Because the copy must hold no pictures, return the data below with all of its words intact.

*** MATERIAL PROVIDED ***

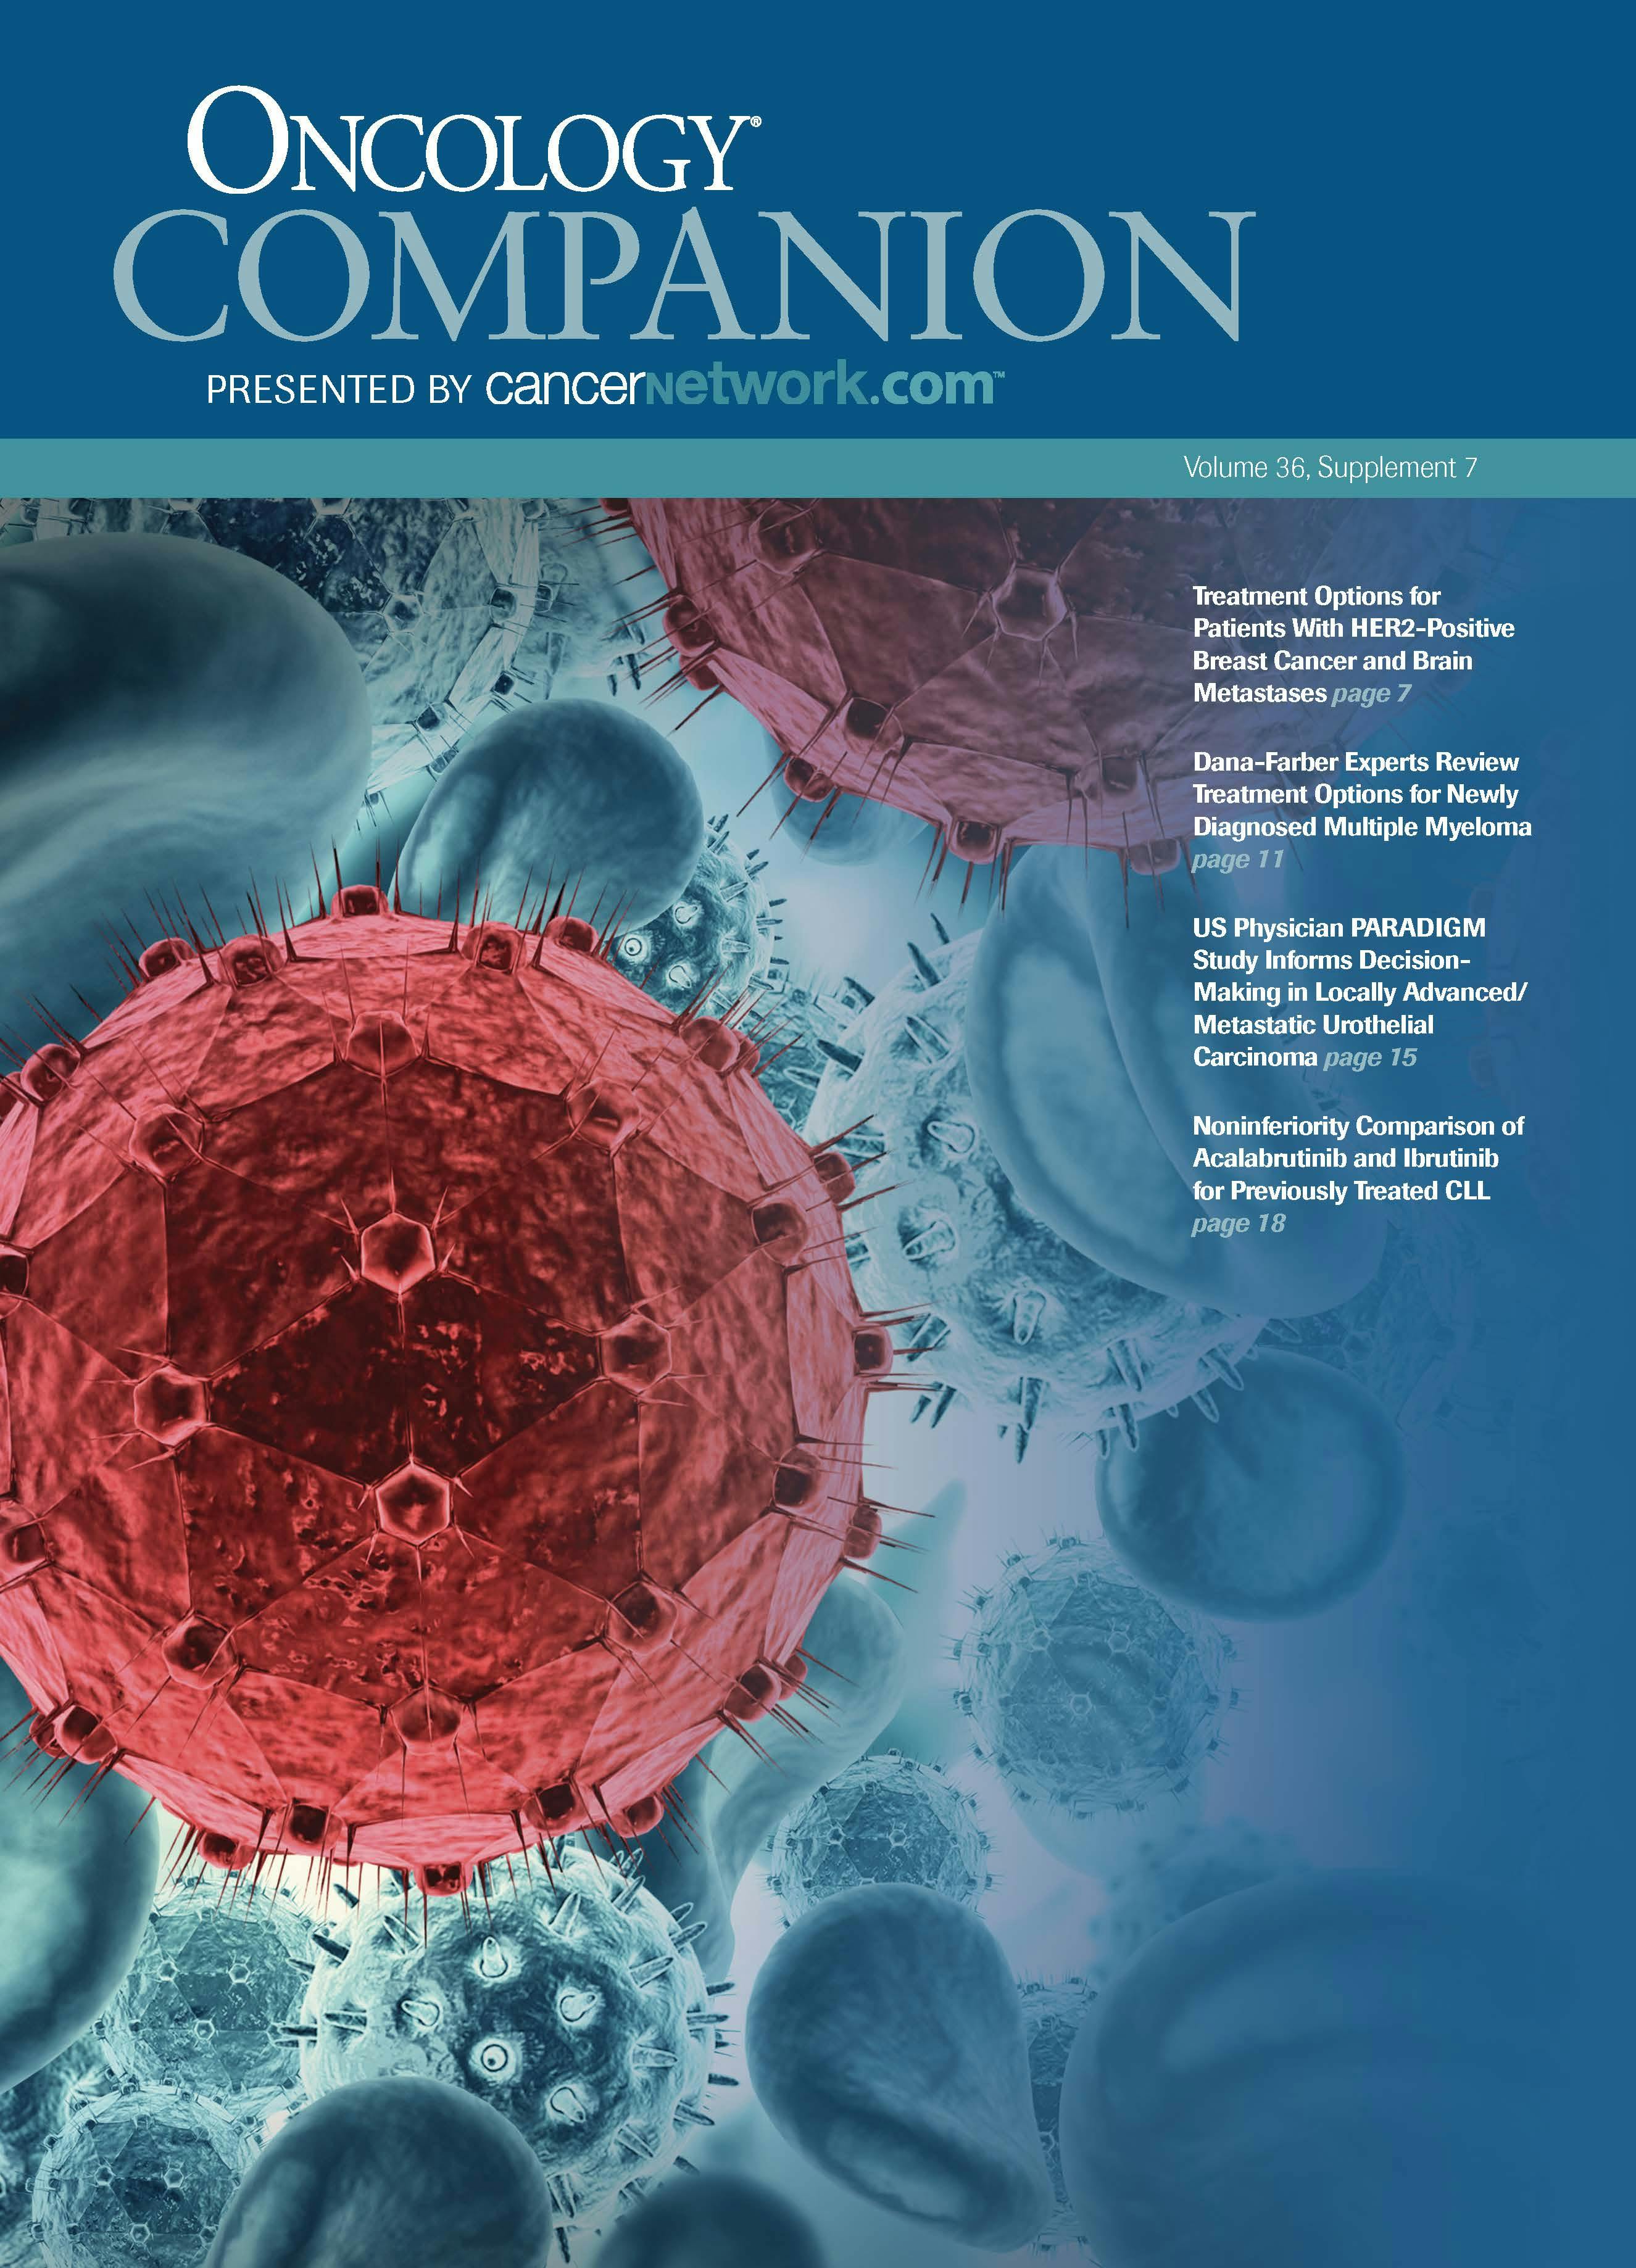 ONCOLOGY® Companion, Volume 36, Supplement 7
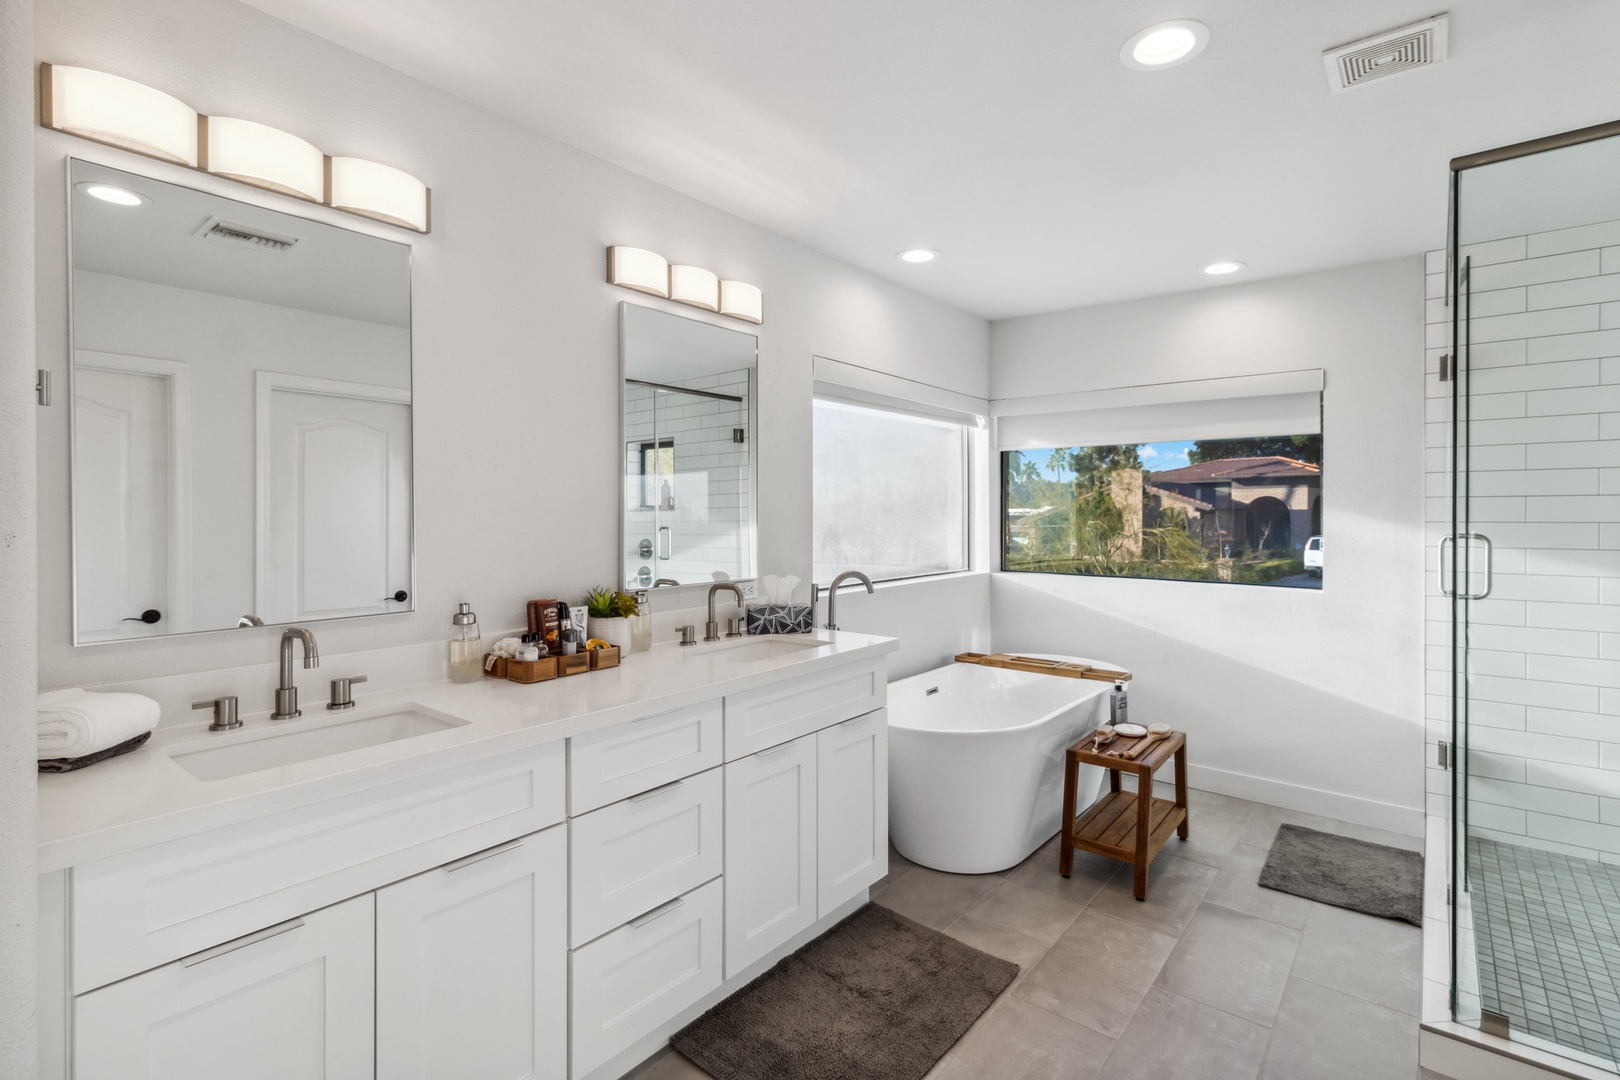 Phoenix Vacation Rentals, Majestic Mountain Views at Piestewa Peak Paradise - The ensuite bathroom features a double vanity sink, a generously sized shower with a rainfall shower head, a freestanding soaker tub, and a spacious walk-in closet.
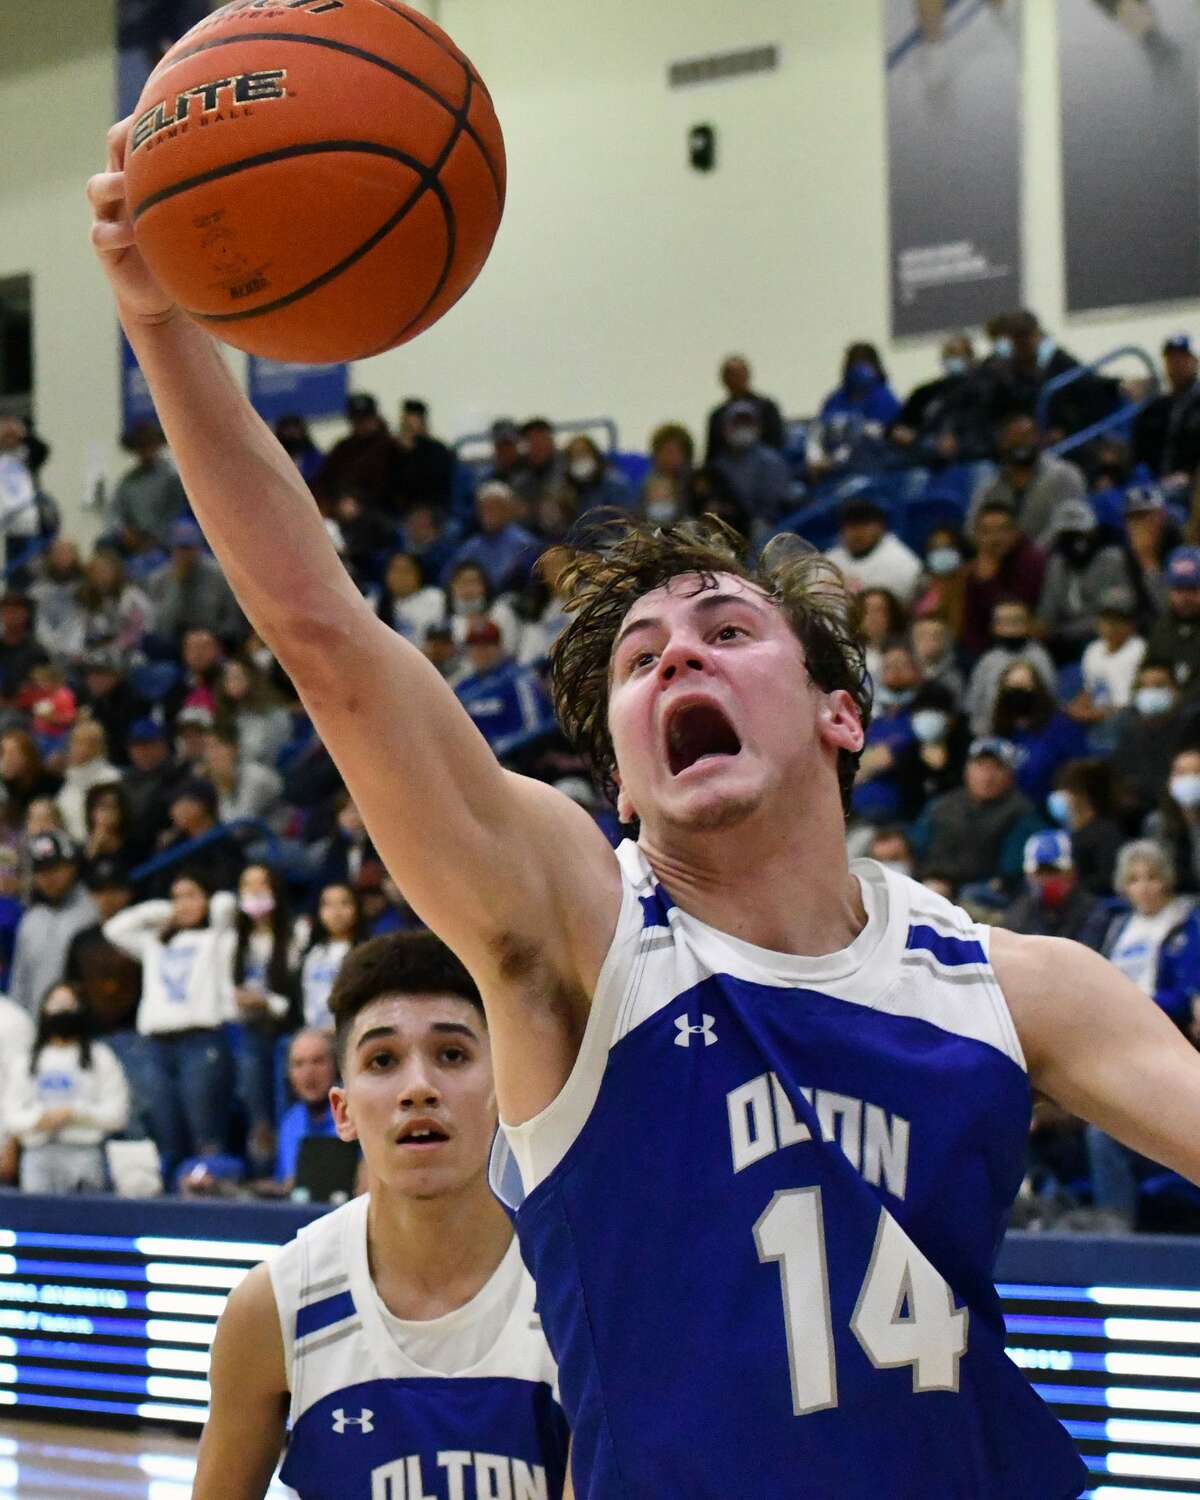 Olton suffered a 57-54 loss to Ralls in the bi-district round of the Class 2A boys basketball playoffs on Friday in the Rip Griffin Center at Lubbock Christian University.

*** End of MATERIAL PROVIDED ***

EXPECTED OUTPUT -
 ONCOLOGY® Companion, Volume 36, Supplement 7
 Phoenix Vacation Rentals, Majestic Mountain Views at Piestewa Peak Paradise - The ensuite bathroom features a double vanity sink, a generously sized shower with a rainfall shower head, a freestanding soaker tub, and a spacious walk-in closet.
 Olton suffered a 57-54 loss to Ralls in the bi-district round of the Class 2A boys basketball playoffs on Friday in the Rip Griffin Center at Lubbock Christian University.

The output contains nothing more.